00.01 · Supervised vs Unsupervised Learning — Deep Dive

Level: Beginner
Pre-reading: 00 · ML Fundamentals


Supervised Learning: Learning from Labels

Supervised Learning means learning from labeled examples: you provide input-output pairs and the model learns to map inputs to outputs.

graph LR A["Input<br/>(House features)"] --> B["Label<br/>(Price)"] B --> C["Training Examples"] C --> D["Model learns<br/>features → price"] D --> E["Predict on<br/>new house"]

Two Branches of Supervised Learning

1. Regression — Predict Continuous Numbers

Predict a continuous output value (any number on a spectrum).

Example Input Output Use Case
House Price Prediction Square footage, bedrooms, location Price ($) Real estate
Stock Price Forecasting Historical prices, volume, sentiment Price tomorrow Finance
Temperature Forecasting Weather patterns, location Temperature (°C) Weather services
Medical Risk Score Patient vitals, lab results Risk (0–100) Healthcare

Key characteristic: Output is continuous — any value within a range.

2. Classification — Predict Categories

Predict which category something belongs to.

Example Input Output Use Case
Email Spam Detection Email text, sender, subject Spam / Not Spam Email provider
Image Classification Image pixels Cat / Dog / Bird Computer vision
Disease Diagnosis Patient symptoms, tests Healthy / Disease A / Disease B Medicine
Credit Approval Income, credit history, debt Approve / Deny Banking
Sentiment Analysis Review text Positive / Negative / Neutral Business intelligence

Key characteristic: Output is categorical — one of a fixed set of classes.

graph LR A["Supervised Learning"] --> B["Regression<br/>Continuous output"] A --> C["Classification<br/>Categorical output"] B --> D["Linear Regression<br/>Decision Trees<br/>Neural Networks"] C --> E["Logistic Regression<br/>Random Forest<br/>Neural Networks"]

Regression in Detail

What Makes a Regression Problem?

A regression problem has these characteristics:

  1. Labeled training data — each example has an input and a continuous output
  2. Continuous target — output is a number that can be any value
  3. Goal — learn a function that maps inputs to outputs

Example: Predicting house prices

Input Features:              Target:
Size: 2000 sqft      →      Price: $500,000
Bedrooms: 3          →
Age: 10 years        →
Location: Downtown   →

Linear Regression — The Simplest Case

Linear Regression assumes a linear relationship: output is a weighted sum of inputs.

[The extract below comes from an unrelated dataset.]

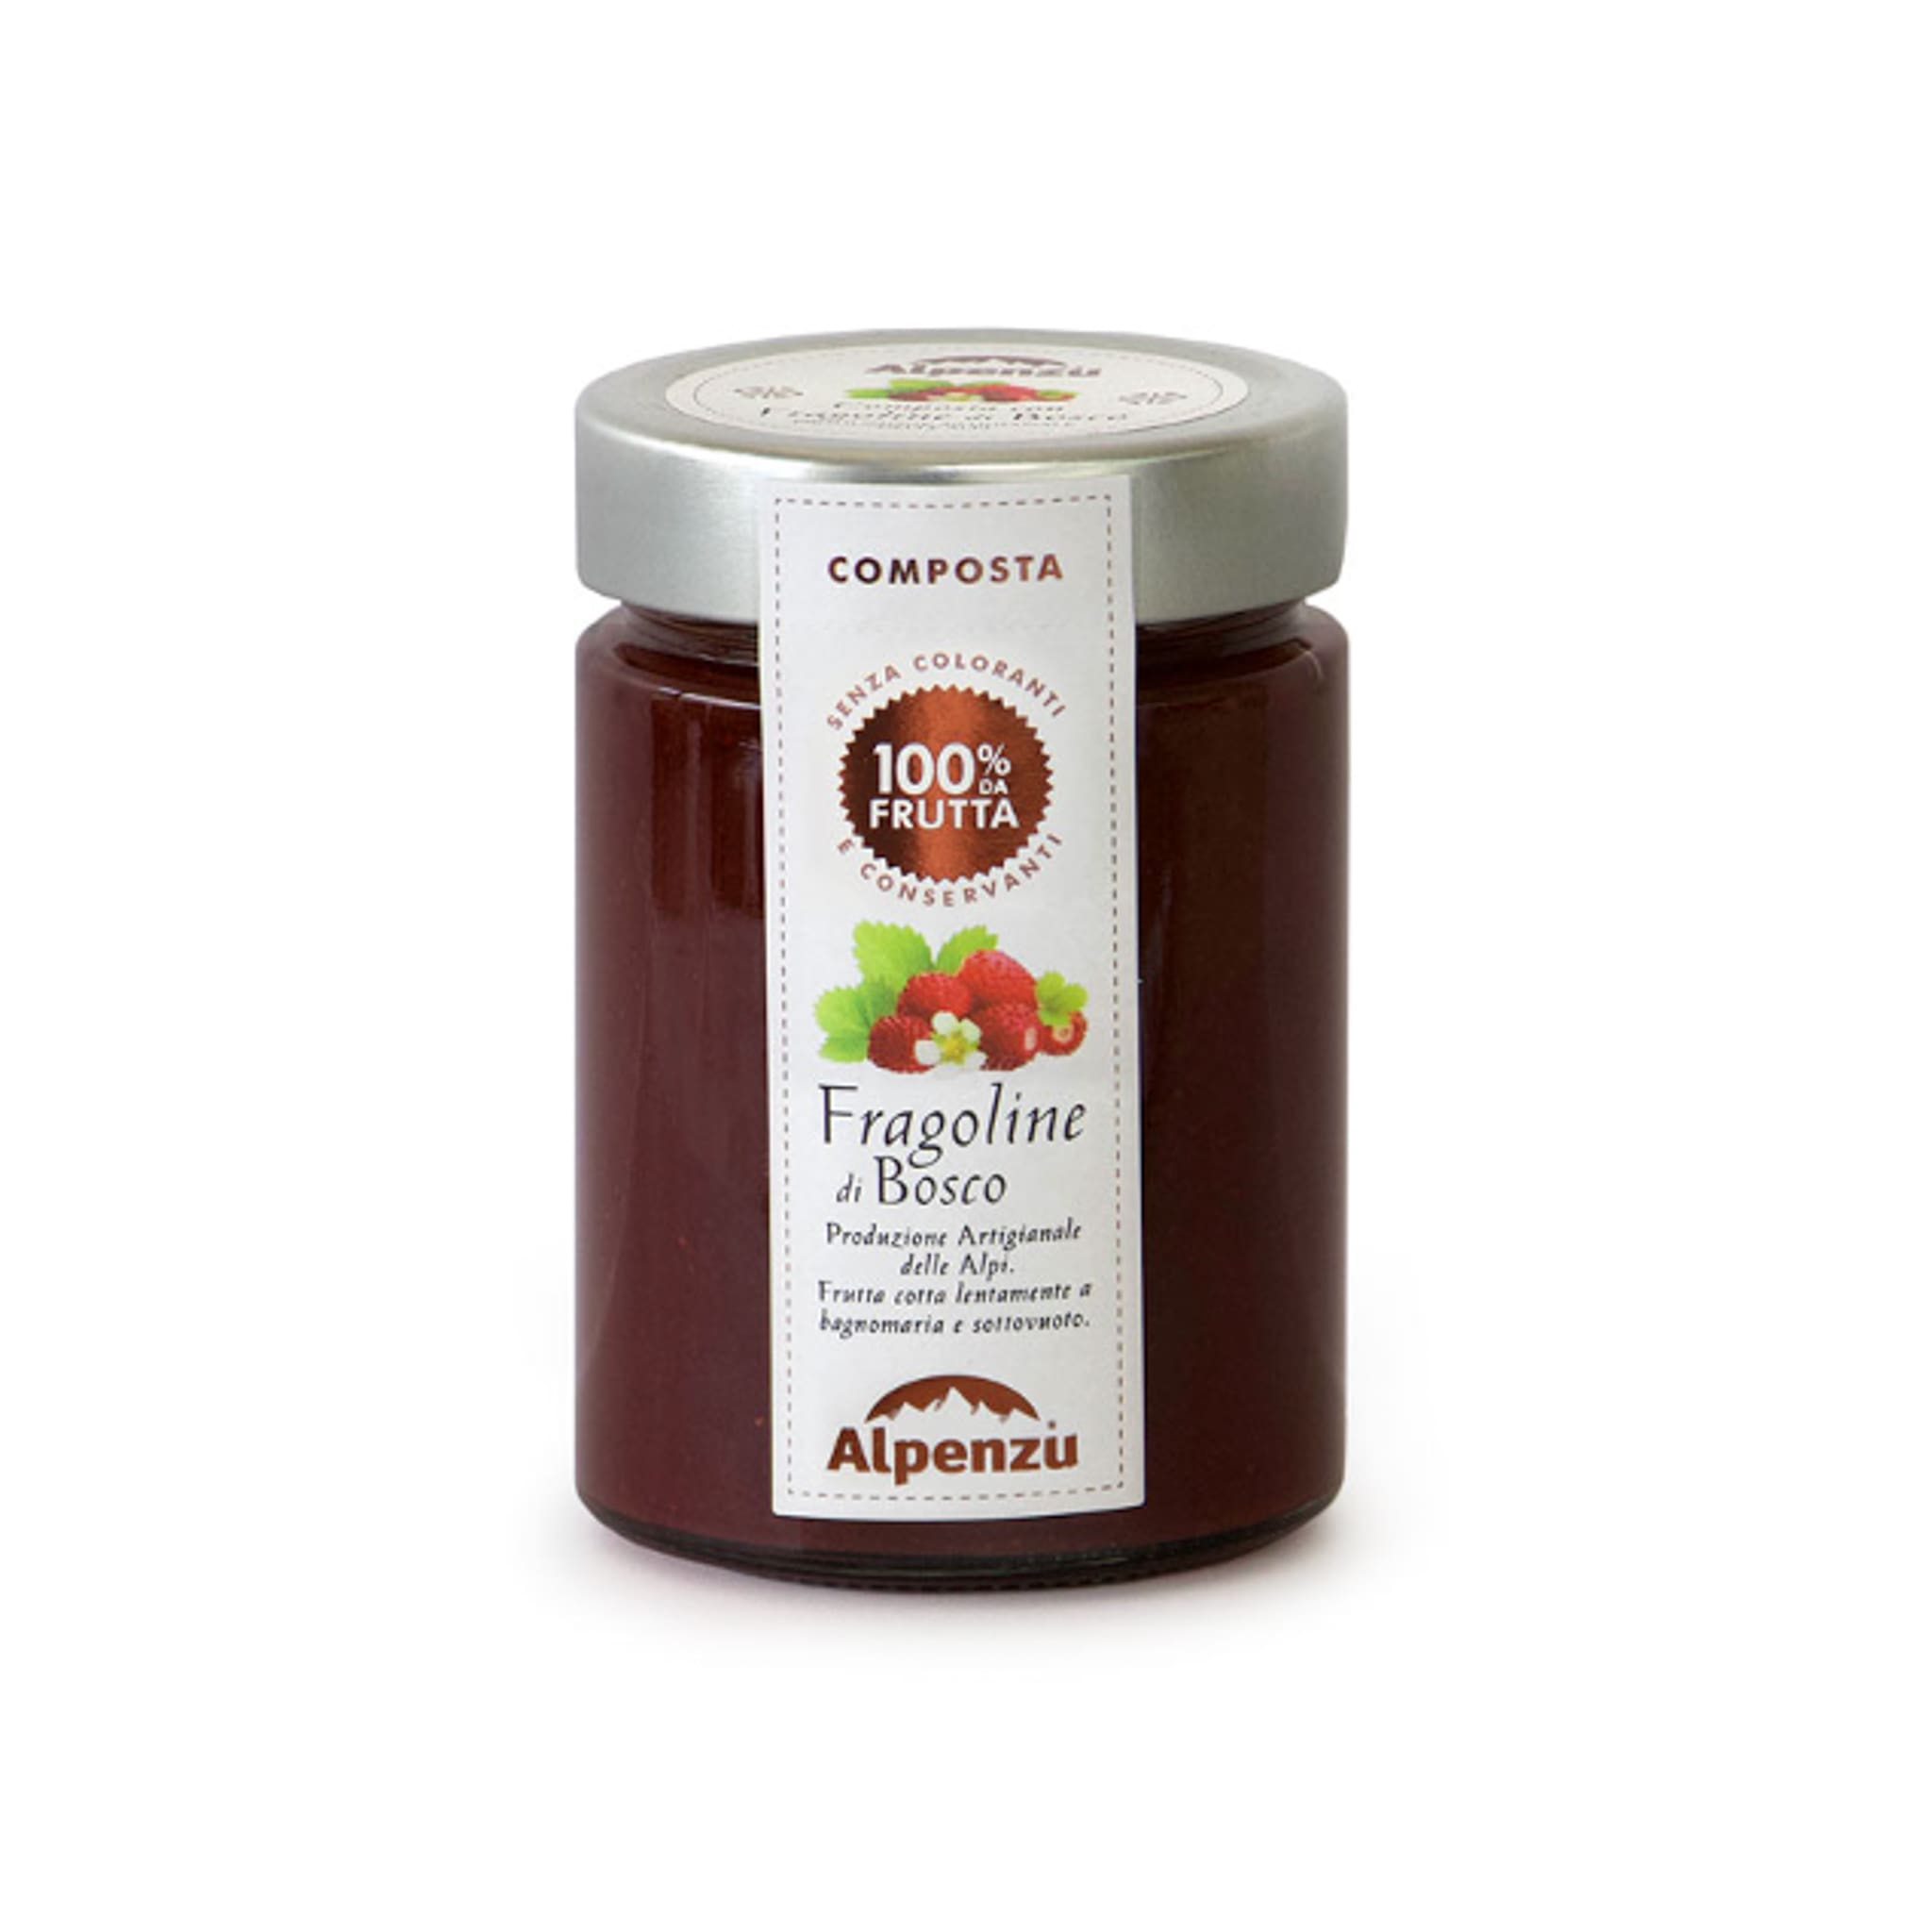 Alpenzu Fruit Preserves Wild Strawberries 100% Fruit Jam 350g

\[\hat{y} = w_0 + w_1 x_1 + w_2 x_2 + ... + w_n x_n\]

Or in matrix form: \(\hat{y} = w \cdot x\)

Where: - \(\hat{y}\) = predicted output - \(x_1, x_2, ..., x_n\) = input features - \(w_1, w_2, ..., w_n\) = weights (learned) - \(w_0\) = bias term (learned)

Geometric intuition: In 2D, it's fitting a line. In 3D, it's fitting a plane. In higher dimensions, it's fitting a hyperplane.

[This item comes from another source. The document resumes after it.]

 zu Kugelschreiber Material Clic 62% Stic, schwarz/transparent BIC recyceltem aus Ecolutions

graph LR A["1. Training Data<br/>(scatter points)"] --> B["2. Fit a Line<br/>(minimize distance)"] B --> C["3. Use line to<br/>predict new points"]

How Linear Regression Learns

We minimize Mean Squared Error (MSE):

\[L = \frac{1}{n} \sum_{i=1}^{n} (y_i - \hat{y}_i)^2\]

This measures the average squared difference between predicted and actual values.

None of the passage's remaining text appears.